Opinion
November 24, 2010.
Appeal from a decision of the Workers' Compensation Board, filed September 4, 2009, which ruled that apportionment applied to claimant's workers' compensation award.
Before: Cardona, P.J., Spain, Kavanagh and Egan Jr., JJ.
Claimant obtained workers' compensation benefits for back injuries in 1988 and 1995, and was classified as having a permanent partial disability attributable to both. He continued to work when well enough to do so and, in 1998, entered into lumpsum settlements for both claims. Claimant sustained another work-related back injury in 2007. Following hearings, a workers' compensation law judge determined that claimant had a moderate to marked partial disability caused wholly by the 2007 injury. Upon review, the Workers' Compensation Board modified and apportioned the disability, attributing 20% of it to claimant's 2007 injury and dividing the remainder equally between his 1988 and 1995 injuries. Claimant now appeals.
We affirm. The Board's factual determination as to whether apportionment of a workers' compensation award is called for will be upheld if substantial evidence supports it ( see Matter of Altobelli v Allinger Temporary Servs., Inc., 70 AD3d 1083, 1084; Matter of Ford v Fucillo, 66 AD3d 1066, 1067).
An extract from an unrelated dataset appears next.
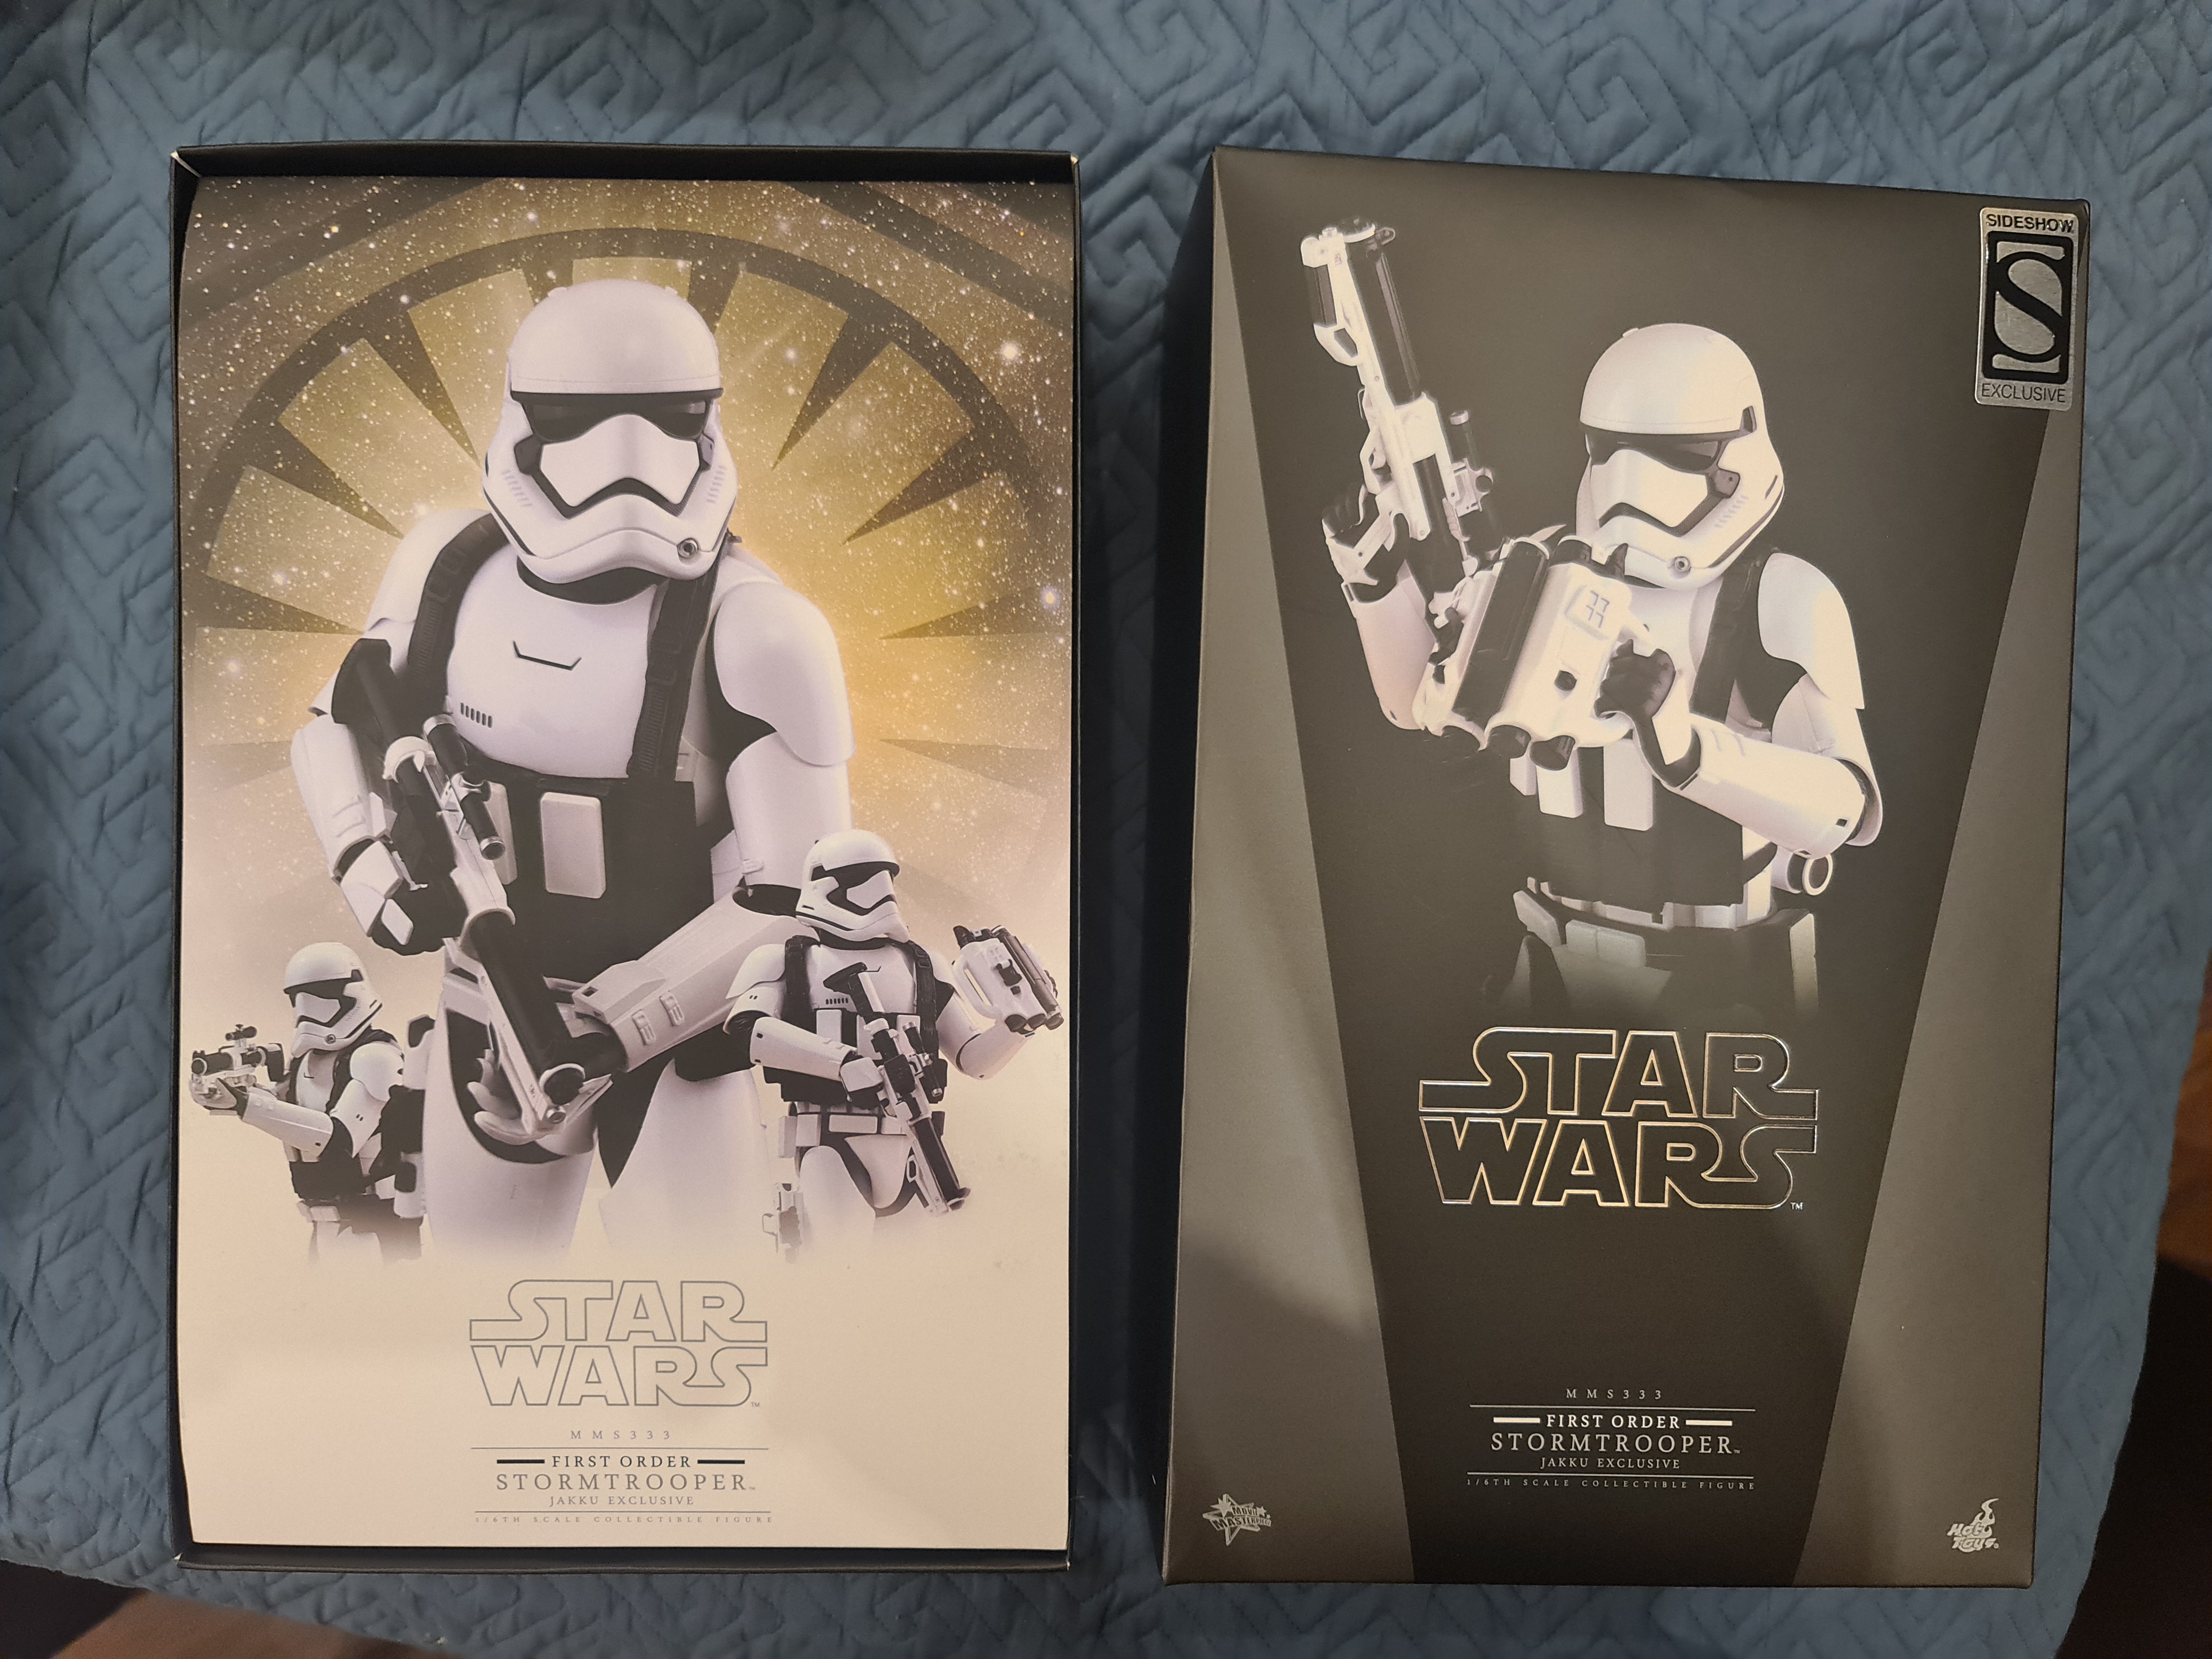 Hot Toys - First Order Stormtrooper Jakku Exclusive - 1:6 Scale Collectible - MMS Series - Movie Promo Edition
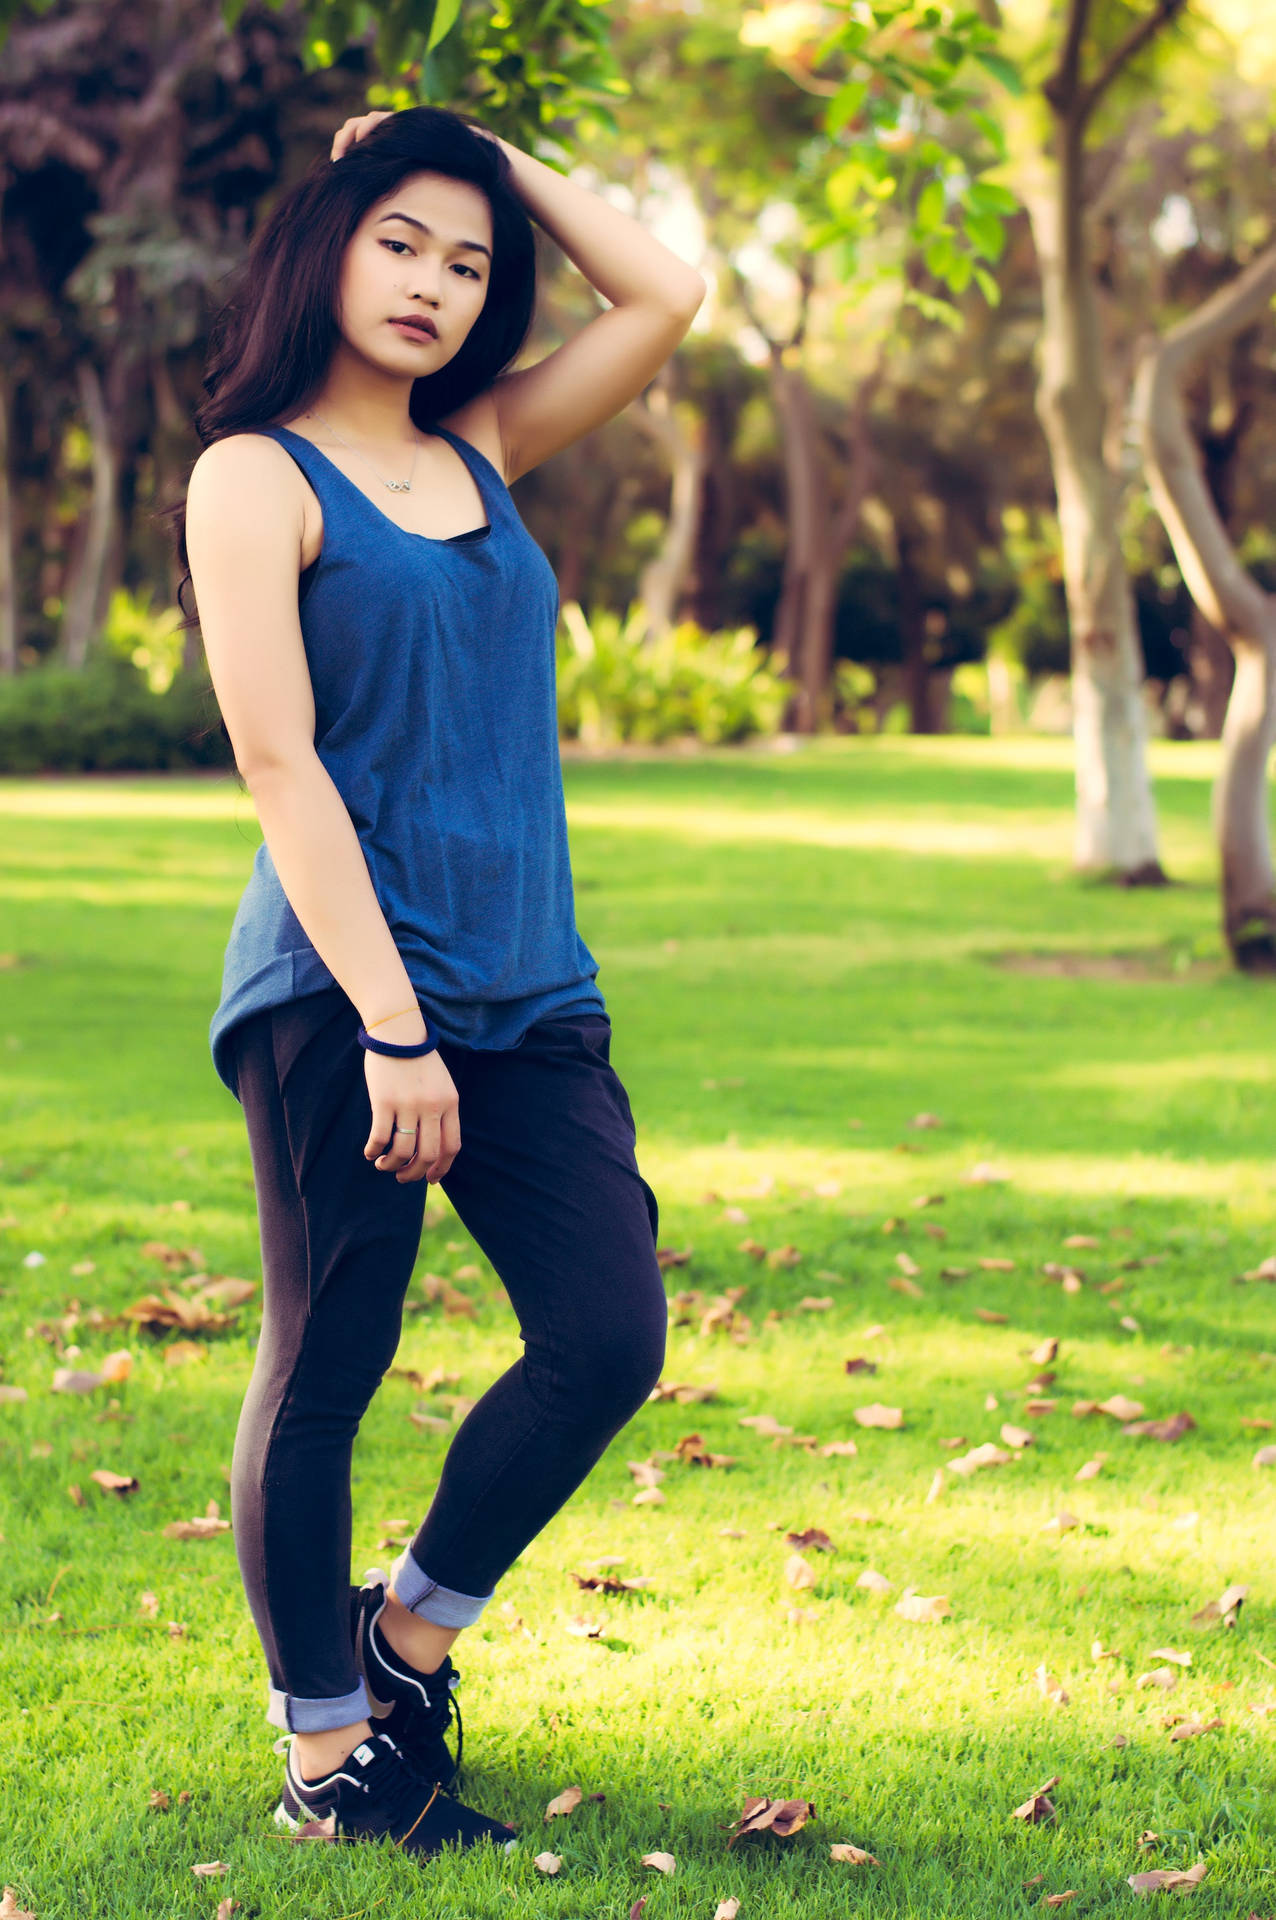 Asian Woman In Blue Tank Top Background

Here, the Board credited the opinion of Robert Durning, a board-certified orthopedic surgeon who examined claimant and opined that apportionment in the manner ultimately adopted by the Board was appropriate. Claimant's treating neurosurgeon further stated that claimant worked within limitations imposed following his compensable 1995 injury and that his 2007 injury only arose after new duties were imposed that "exceeded his known restriction level." Substantial evidence thus supports the Board's determination that "claimant's disability is in . . . part attributable to" his prior compensable injuries, and we will not disturb it ( Matter of Johnson v Feinberg-Smith Assoc., 305 AD2d 826, 828; see Matter of Rafferty v Four Corners, LLC, 25 AD3d 840, 841; Matter of Huss v Tops Mkts., Inc., 13 AD3d 768, 769).
Ordered that the decision is affirmed, without costs.